The “struggle” of online learning in a pandemic | The new times

Wow! The past two years have been a lot for me! In short, the last two years have been “online”.

The pandemic came as a surprise, not to mention the fact that it would cohabit mockingly and comfortably with us for two years, robbing us of so much pleasure that social contact brings.

The worst thing about the pandemic is that it has thrown a veil over everything, dominating our conversations and our favorite shows, ripping away our dreams as we sit around trying to stay alive. For those of us, it has put our jobs, our schools, and our lifestyles on hold.

When I graduated from high school in 2019, I knew college would be my next big step. I wasted no time in starting my application (to African Leadership University) and was accepted in 2020.

I was thrilled to finally be an adult (at least that’s the impression everyone gave me), to leave home and embark on the adventure that was college life.

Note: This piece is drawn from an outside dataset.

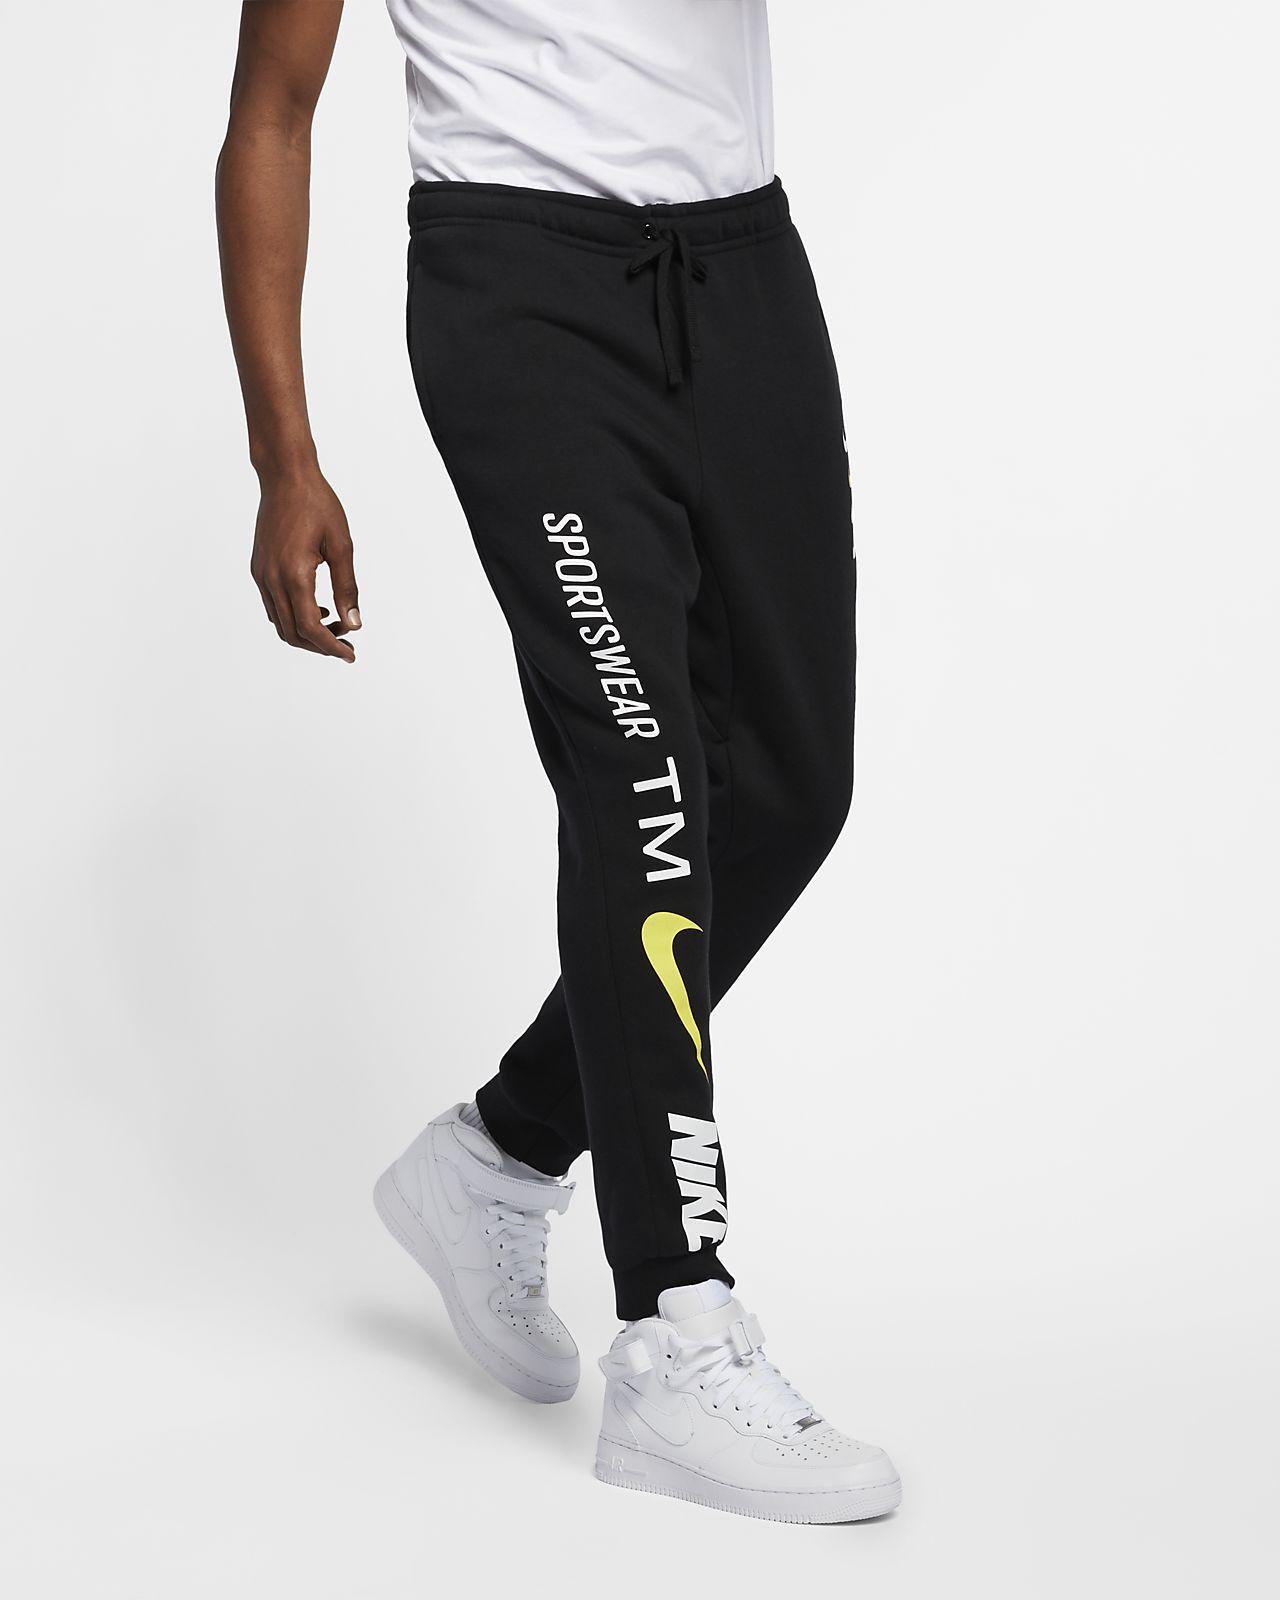 394f08396e Low Resolution Nike Sportswear Club szabadidőnadrág Nike Sportswear Club  szabadidőnadrág

College was like a little paradise in my fantasies. A place where I would meet strangers who would become allies for life, a place where I would have fun and learn new things.

I just couldn’t hold back my excitement, but COVID-19 happened. When I first heard that we would not be going to school in September 2020, I was devastated.

I wanted someone to blame but who? I was angry because this was not how I had imagined my life. I had no intention of taking a gap year before continuing my studies. No, I hadn’t planned on being locked inside, sanitized every minute, and unable to walk around. The government of Rwanda, which simply serves to protect its people, was like an overly strict parent to me.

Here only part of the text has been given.